Eis aí Jair Bolsonaro em sua melhor forma: para não reconhecer que perdeu a eleição de 2022 porque desrespeitou a dor dos brasileiros que tiveram familiares e amigos mortos durante a pandemia de covid-19 e porque atentou dia e noite contra o espírito da democracia brasileira, Bolsonaro joga a culpa por sua derrota em cima de uma obscura deputada – que, reitere-se, agiu apenas como boa bolsonarista. O nome disso, claro, é covardia.

Em resposta, a sra. Zambelli até murmurou um protesto: “Enfrentar o julgamento dos inimigos é até suportável.
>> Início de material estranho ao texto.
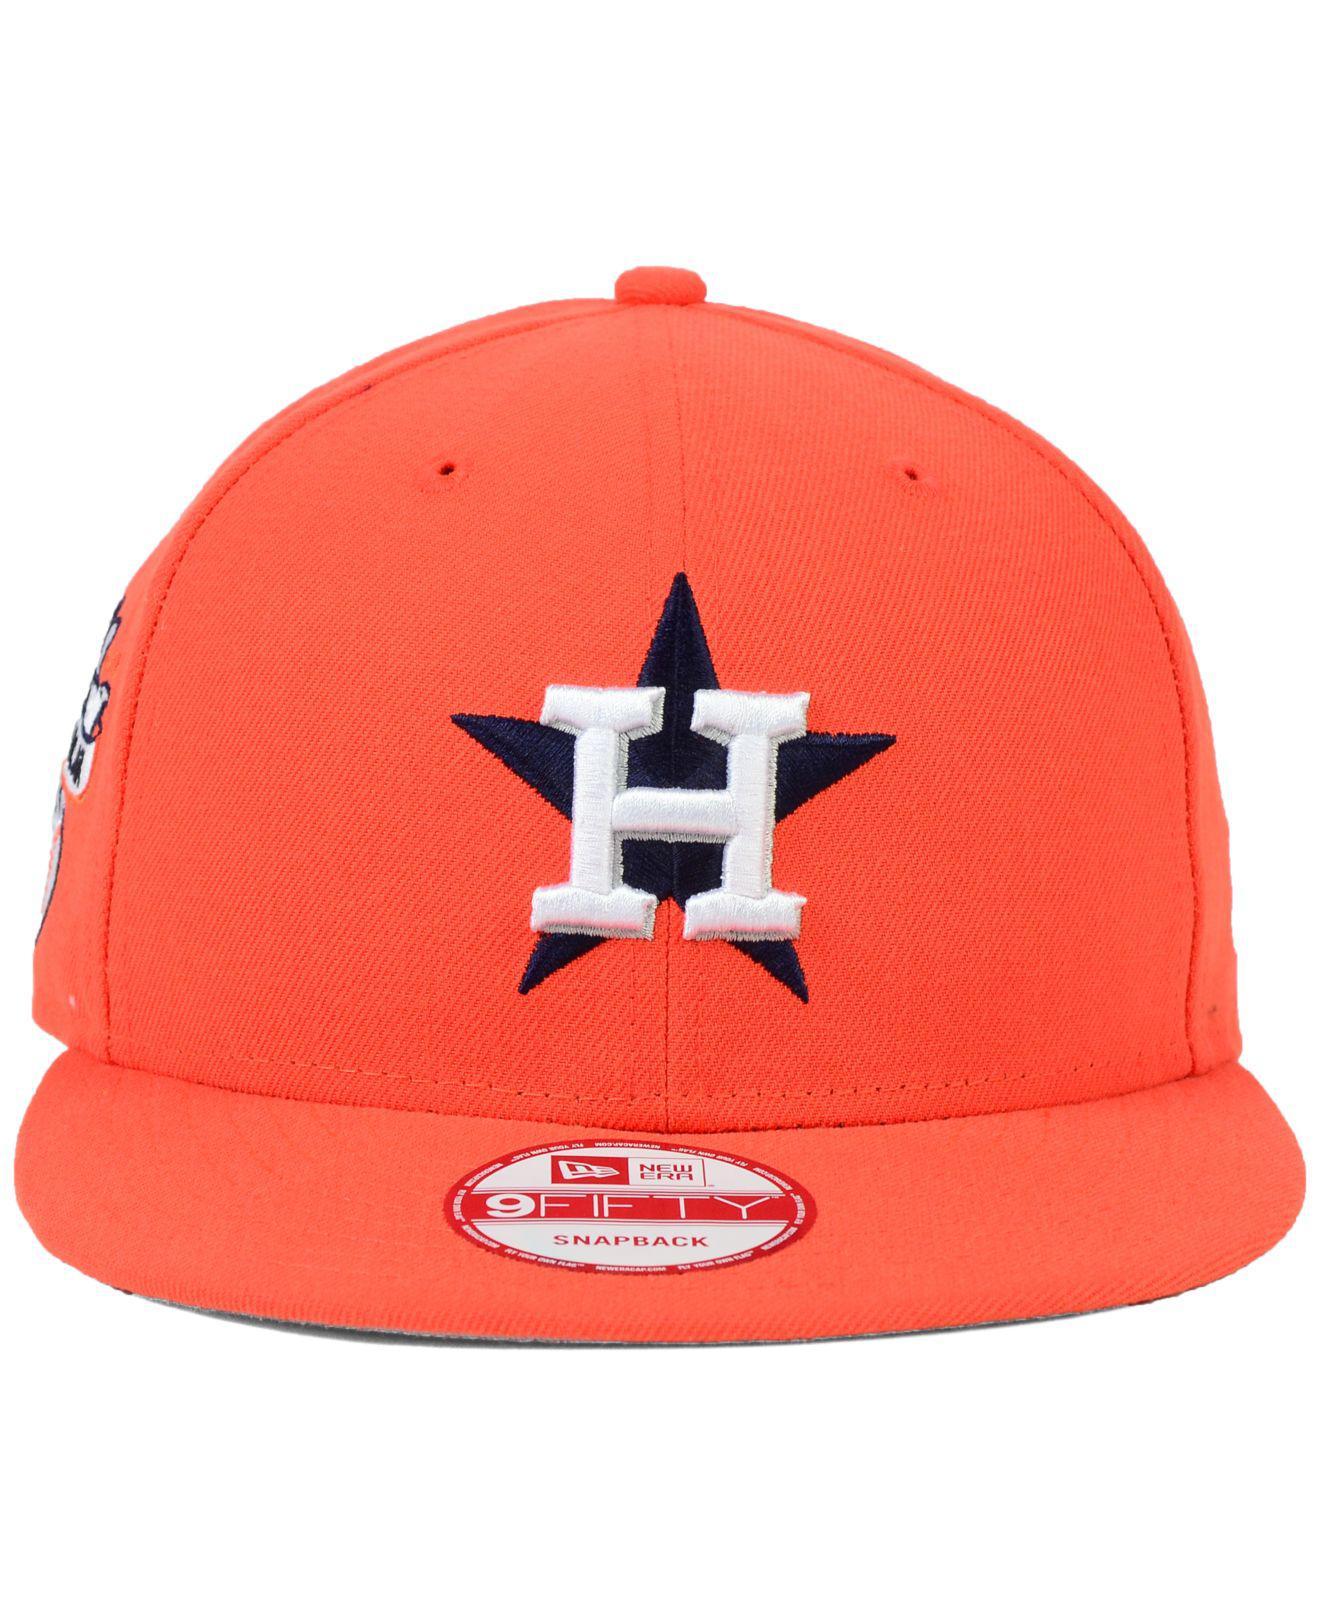 cheap for discount 2d651 9f3de Lyst - KTZ Houston Astros 2 Tone Link 9fifty Snapback Cap in Orange for Men
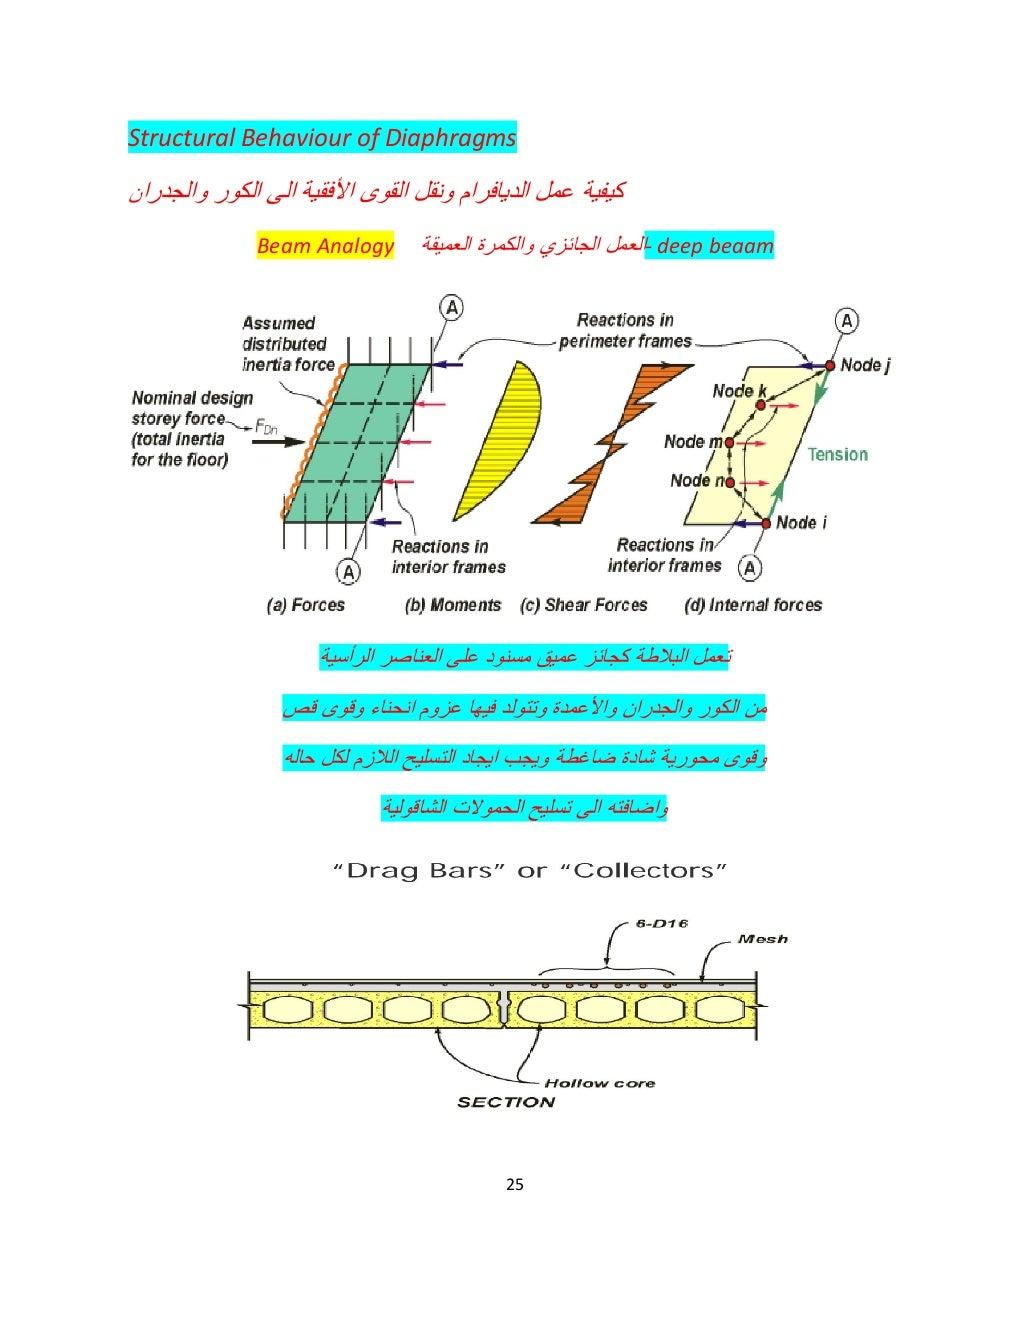 rigid-semi-rigid-flexible-diaphragm-for-seismic-analysis-25-1024.jpg

Difícil é aguentar o julgamento das pessoas que sempre defendi e continuarei defendendo”, escreveu ela nas redes sociais. Debalde: como sabem os muitos sabujos de Bolsonaro que acabaram descartados por ele quando deixaram de ter alguma utilidade a seus projetos pessoais, o ex-presidente exige lealdade absoluta de todos os que querem dele se aproximar, mas não garante reciprocidade.

Portanto, o caso da sra. Zambelli só tem uma utilidade: mostrar àqueles que juram lealdade a Bolsonaro neste momento – achando que com isso terão a simpatia e o apoio eleitoral do ex-presidente – que correm sério risco de ter o mesmo destino da parlamentar: o descarte.